Extended Data Fig. 10. Impact of batch effects on cell type prioritization.

Extended Data Fig. 10

Two populations of cells (n = 200 cells total) were simulated, with each condition sequenced in two batches, and varying degrees of perturbation-dependent differential expression and/or technical batch effects were introduced according to five different batch effect scenarios.
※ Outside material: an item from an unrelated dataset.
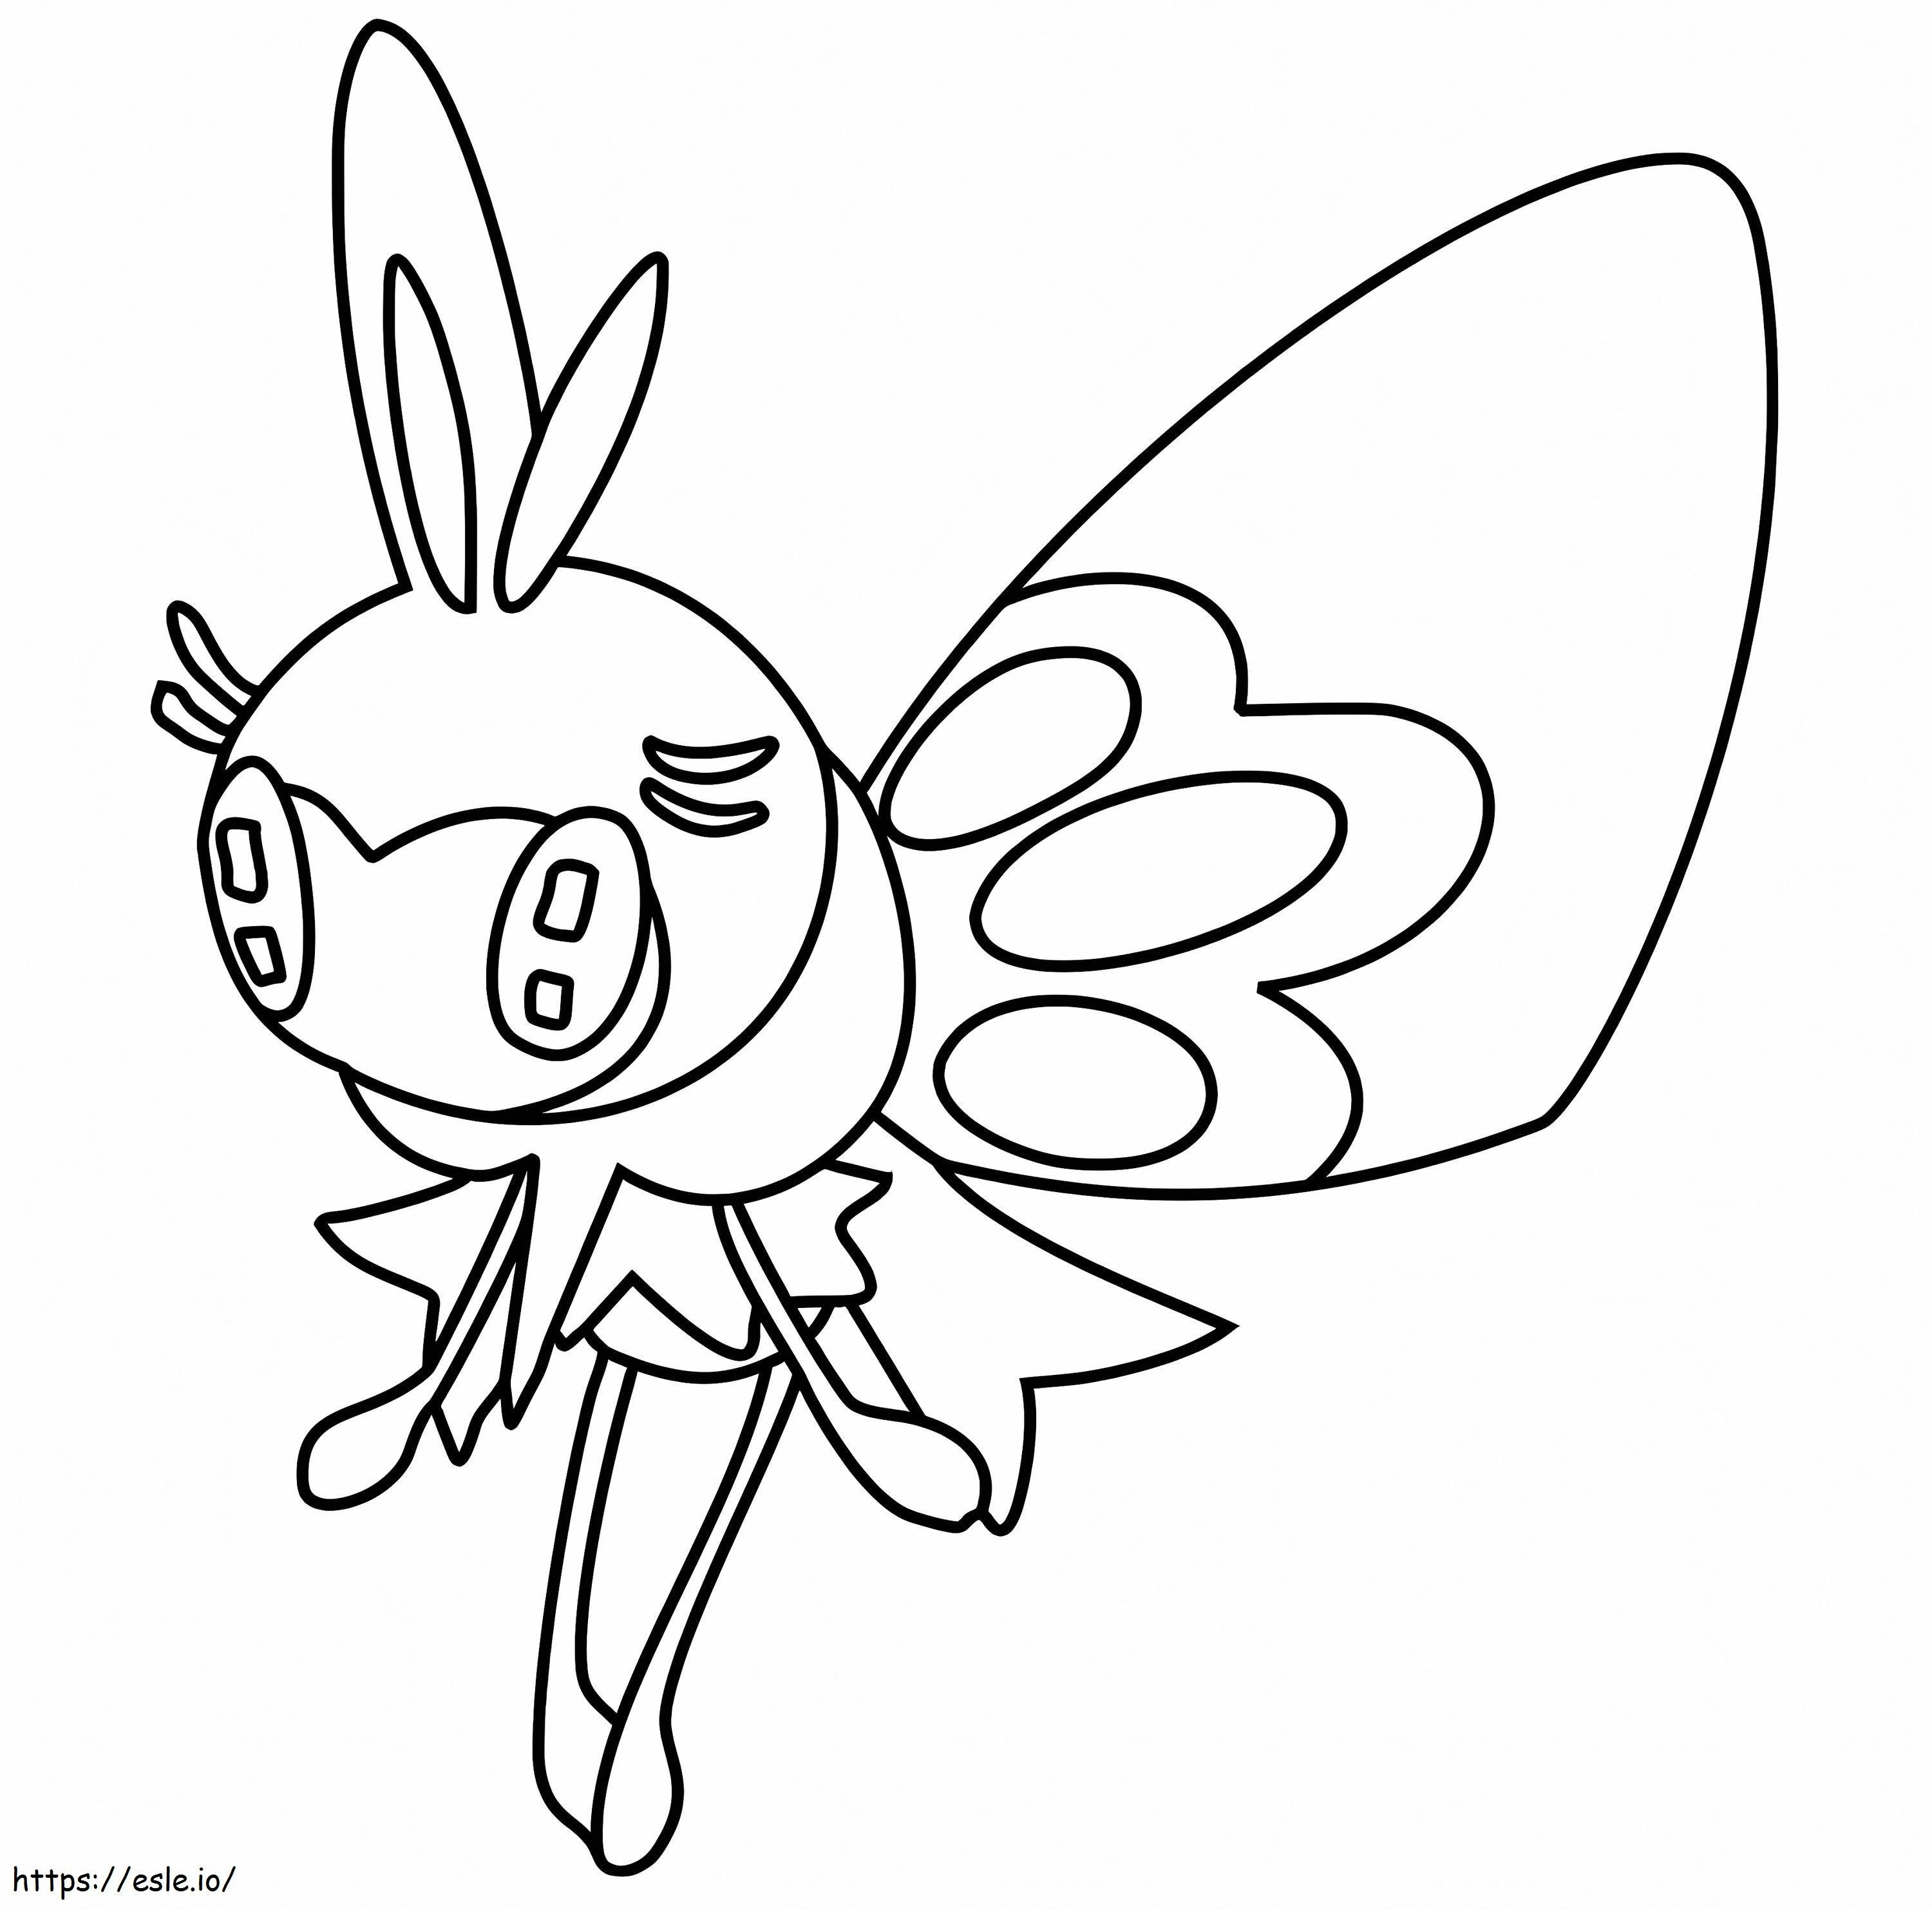 Ribombee-Pokémon ausmalbilder

For each of the five scenarios, the following panels are shown from left to right:

i, Principal component analysis (PCA) of a representative simulation.

ii, Correlation between AUC and magnitude of simulated batch effect with 0% of genes differentially expressed in response to perturbation, reflecting the introduction of a spurious difference between conditions where none exists (inset, two-sided Pearson correlation).

iii, Correlation between AUC and magnitude of simulated batch effect when the random forest classifier is tasked with predicting batch rather than condition (AUCbatch), confirming the batch effect introduces the expected separability.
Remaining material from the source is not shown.